Joana Castells Savall

“Somos lo que fingimos ser, así que debemos tener cuidado con lo que fingimos ser”, dice Kurt Vonnegut, en la introducción de 1966 a su tercera novela (Mother Night, Fawcett Publications, 1961; Mare nit, Males Herbes, 2014), que esta es una de las lecciones que se pueden aprender de las confesiones de un espía. La moral de la historia en un tiempo que se despeña, en punto muerto, hacia el fin de la moral y de la historia. O la afilada advertencia de alguien que nos avisa del abismo: si no existe ningún tribunal en el mundo que pueda llegar a absolvernos de los crímenes contra uno mismo, no hay forma de vivir, reír ni dormir como un tronco mientras fingimos que no sabemos lo que hacemos, negamos cada palabra que exclamamos o simulamos que somos quien no queremos ser.

Howard W. Campbell, Jr., el protagonista de esta novela, fue un artista, un espía estadounidense y un popular locutor de radio al servicio de la propaganda nazi durante la Segunda Guerra Mundial. Y sobresalió por igual en la interpretación de cada uno de estos papeles aparentemente encontrados, como un antihéroe impecable, fiel al guión de su tragedia personal y aquejado del mal de su tiempo. Fue tan buen dramaturgo que su obra, romántica y edulcorada, sobreviviría muchos años –firmada con otro nombre y escrita en otra lengua– al joven idealista que Campbell ya no volvería a ser. Y haría tan bien de espía que los mensajes encriptados que intercalaba en sus emisiones radiofónicas, cuyo contenido él mismo desconocía, servirían enormemente a la causa aliada durante la Segunda Gran Guerra, mientras sus discursos a favor de la ideología nacionalsocialista inflamaban el ánimo y anestesiaban la conciencia de una sociedad enferma, y de futuras generaciones de neonazis.

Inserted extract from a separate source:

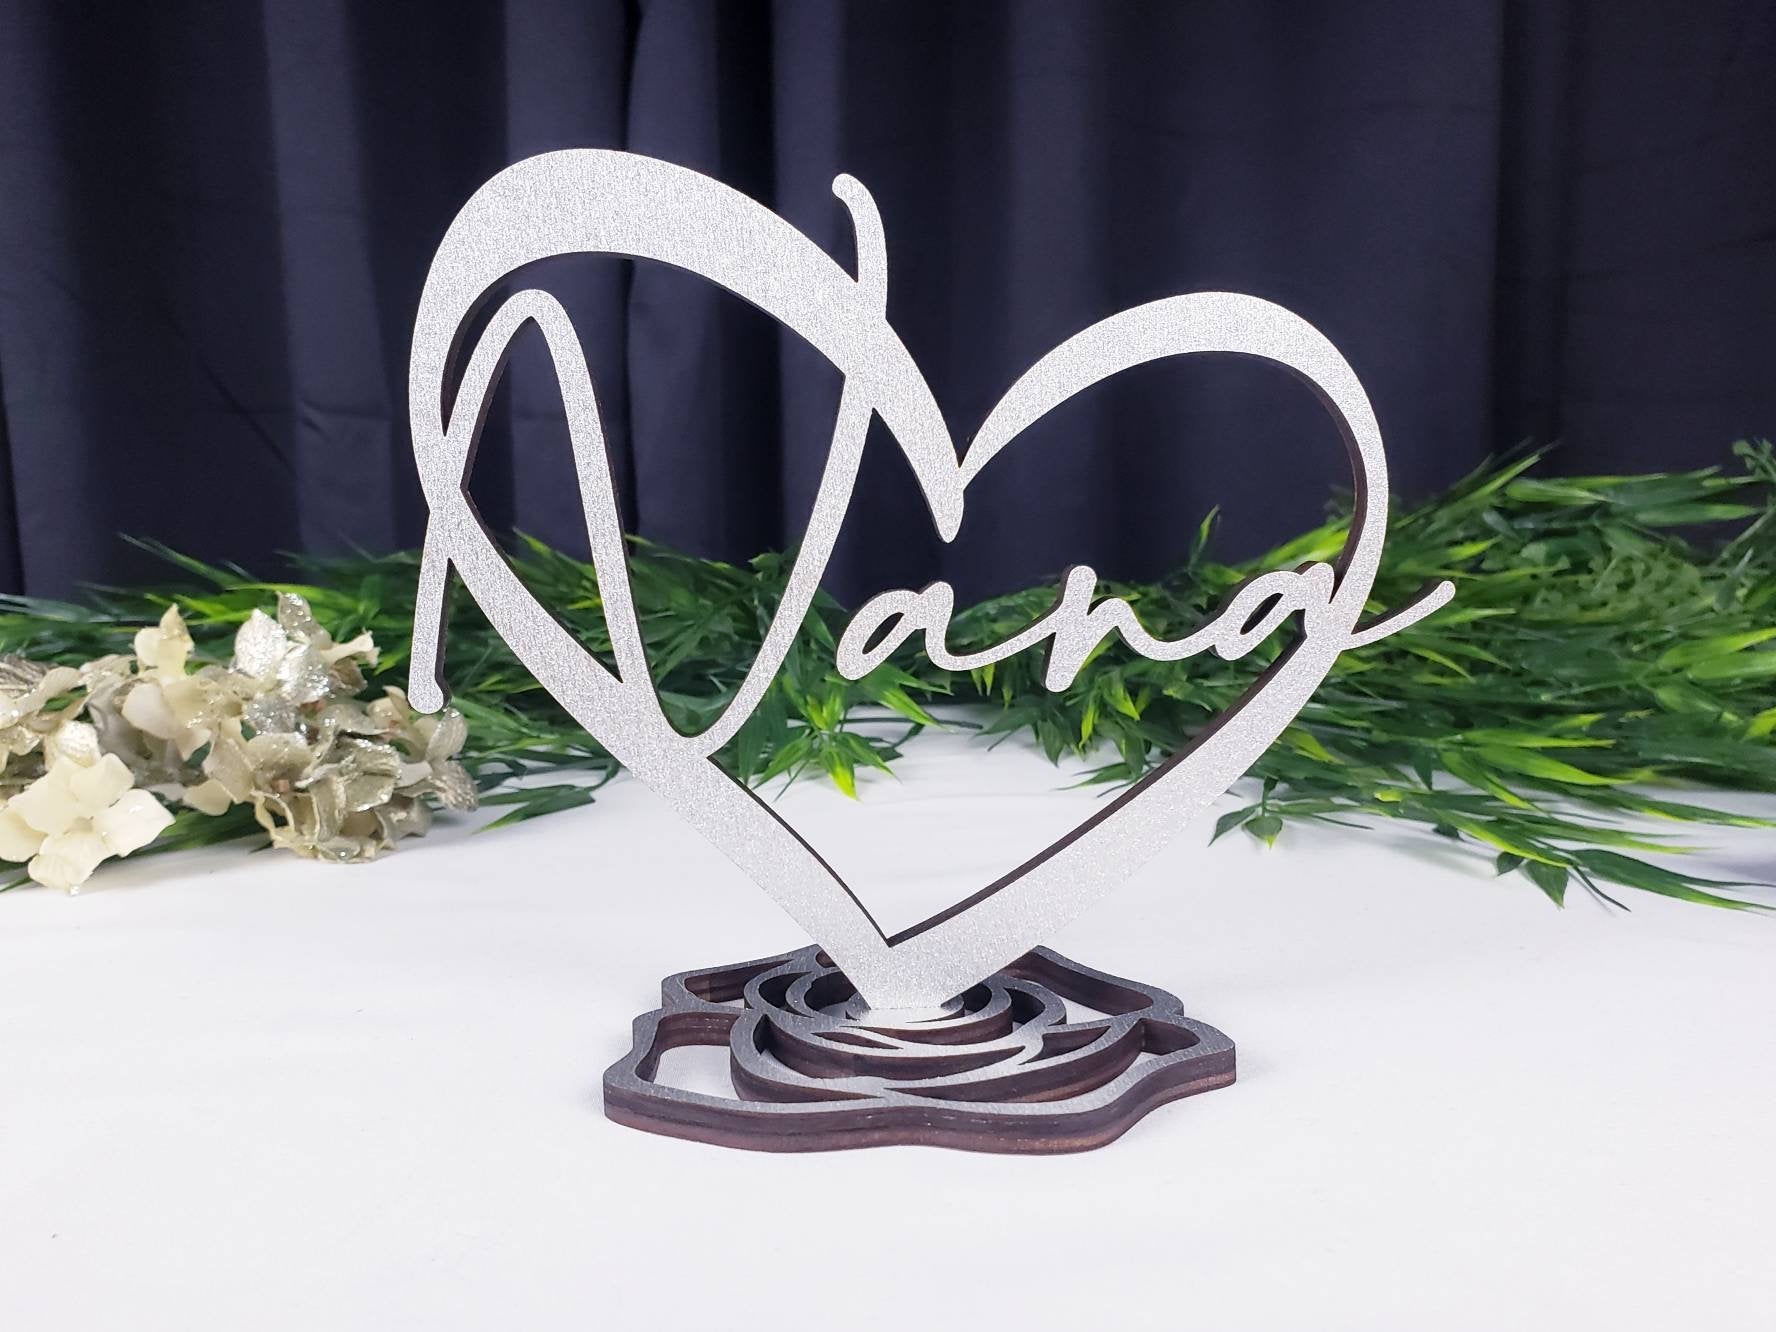 Nana Heart Table Sign

Pero ahora –en el año 1961–, entre las rejas de una prisión “nueva y bonita de la vieja Jerusalén”, a la espera de ser juzgado por crímenes contra la humanidad, Howard W. Campbell, Jr. nos confiesa que, en realidad, todo lo que él había querido era vivir tranquilo junto a su amada Helga, y que la guerra o el fin de sus días le sorprendieran en casa “haciendo su trabajo pacífico”. Y a fe que podemos creerle.

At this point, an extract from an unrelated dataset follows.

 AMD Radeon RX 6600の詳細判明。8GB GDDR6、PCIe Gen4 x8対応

Mare nit es, tal vez, la novela más desencantada de Kurt Vonnegut, y una novela que, por falta de fantasía, descansaría incómoda en el cajón de sastre de la ciencia ficción donde se ha querido guardar la obra del maestro. Impregnada de un humor que no hace reír, dolorosa y desgarradora sin llegar, quizá, a las lágrimas, bascula entre la historia y la ficción para urdir una descarnada reflexión sobre los repliegues de la identidad, el engranaje perverso de la mente totalitaria y sobre el origen y la naturaleza del mal. Desde el protagonista a la galería de personajes estrambóticos que se pasean por las páginas del libro, aquí todos son una suerte de agentes dobles, con una personalidad múltiple y una identidad escurridiza, y todos ellos sufren una especie de esquizofrenia moral que les parte la conciencia y les exime de cualquier responsabilidad sobre los propios actos. Hasta el punto de que nadie puede reconocerse ante el espejo, o en los ojos de los demás, ni creer en la verdad de la palabra, de los sentimientos o de las lágrimas. Y así, alguien “lloró de alegría. ¿De alegría verdadera? Quién sabe. Lo único que puedo confirmar es que las lágrimas eran húmedas y saladas” (p. 160).

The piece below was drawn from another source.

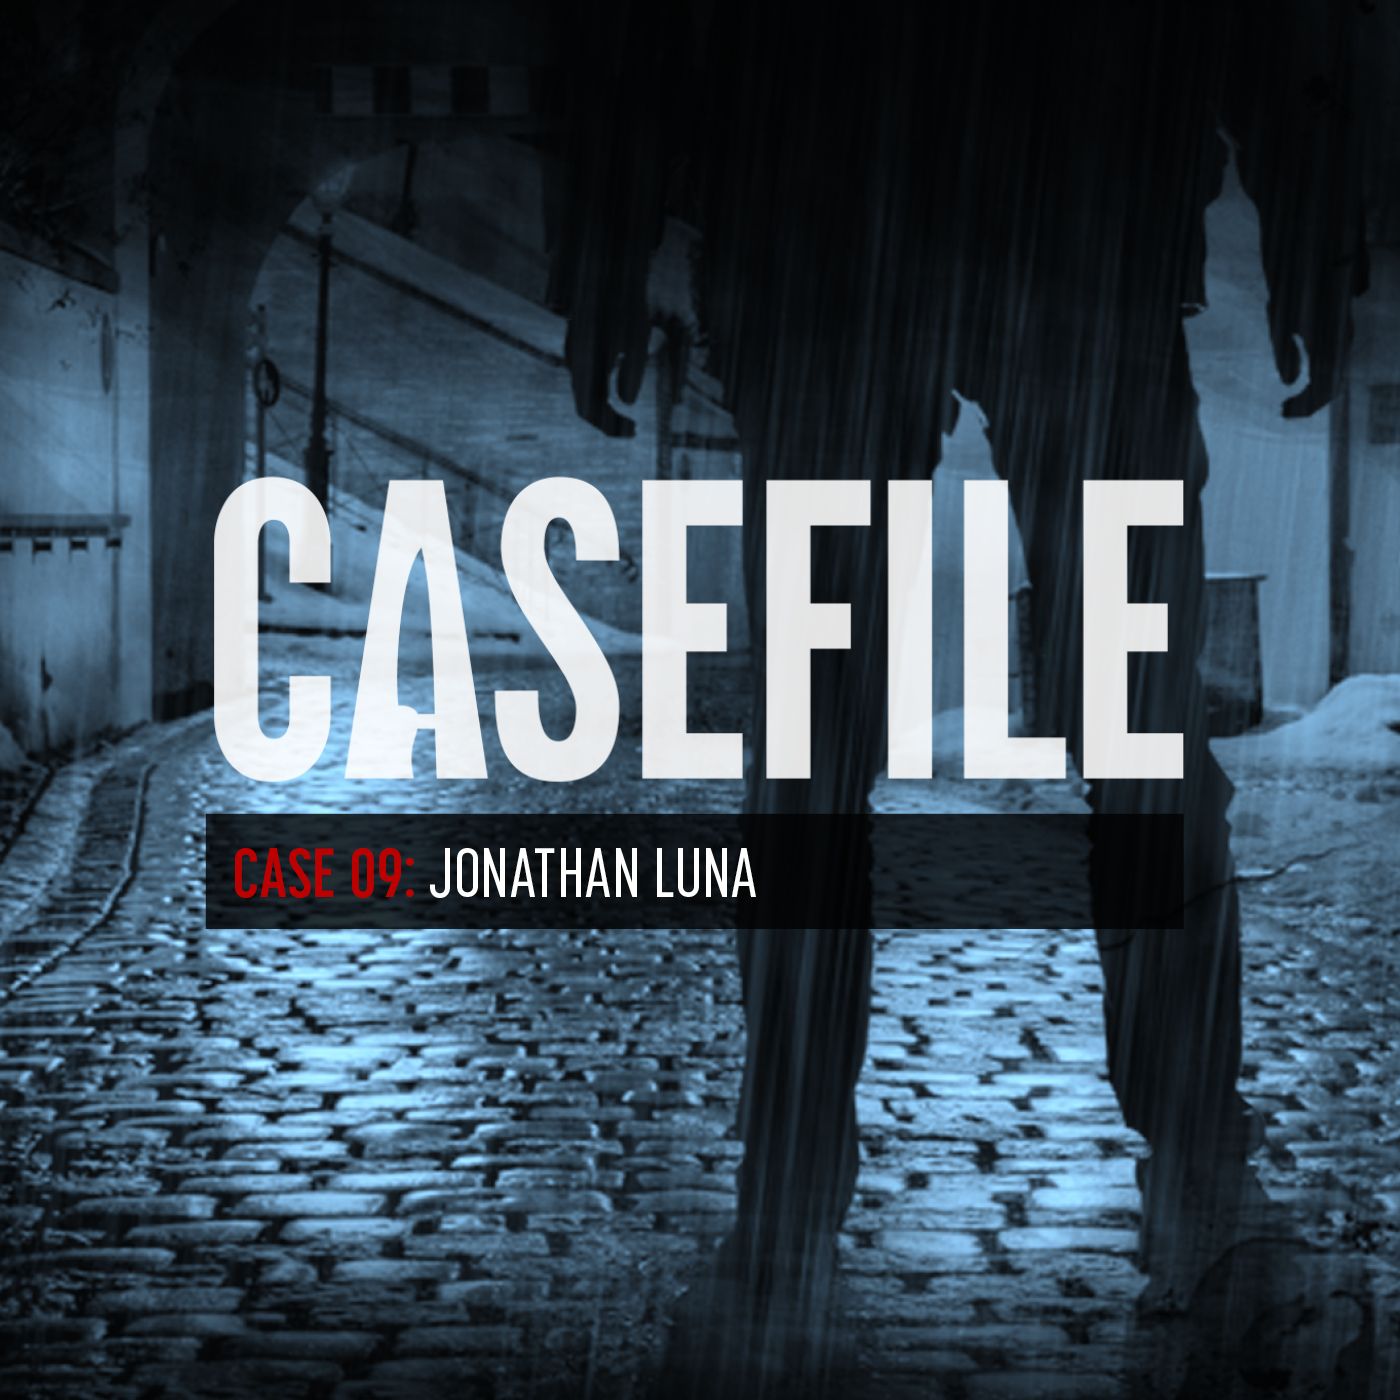 Case 09: Jonathan Luna

Kurt Vonnegut, Jr. nació en Indianápolis en noviembre de 1922 y, a los veinte años, se alistó en el ejército estadounidense y fue enviado a Europa para luchar con los aliados en la Segunda Guerra Mundial. Capturado como prisionero de guerra, fue destinado a Dresde, donde vivió la destrucción de la ciudad y el infierno causado por las bombas de su propio ejército. Sobrevivió de milagro, refugiado en un antiguo matadero a casi veinte metros bajo tierra y, durante las semanas siguientes, su trabajo sería sacar de entre los escombros montañas de cadáveres que habrían de ser quemados. Esta experiencia atroz fue recogida, años después, en una de sus novelas más conocidas, Matadero-5 (1969), y marcaría inevitablemente una forma desencantada, perpleja y, sin embargo, incondicionalmente curiosa de ver el mundo. Así, en Mare nit se hacen presentes el absurdo, los esguinces y los estragos causados por la obediencia, desde una fe ciega, a los dictados de cualquier tipo de absolutismo, a la vez que se intenta identificar –y ridiculizar– los mecanismos que hacen funcionar la máquina implacable de la mente totalitaria, “una mente que se puede comparar a un sistema de engranajes con algunos dientes cortados al azar. Una máquina de pensar así de desdentada y conducida por una libido estándar o subestándar, que gira con la absurdidad espasmódica, nerviosa y ruidosa de un reloj de cuco infernal. (...) Los dientes que faltan, evidentemente, son verdades sencillas y obvias, verdades que la mayoría de las veces están al alcance y son comprensibles incluso para chicos de diez años” (pp. 204-205).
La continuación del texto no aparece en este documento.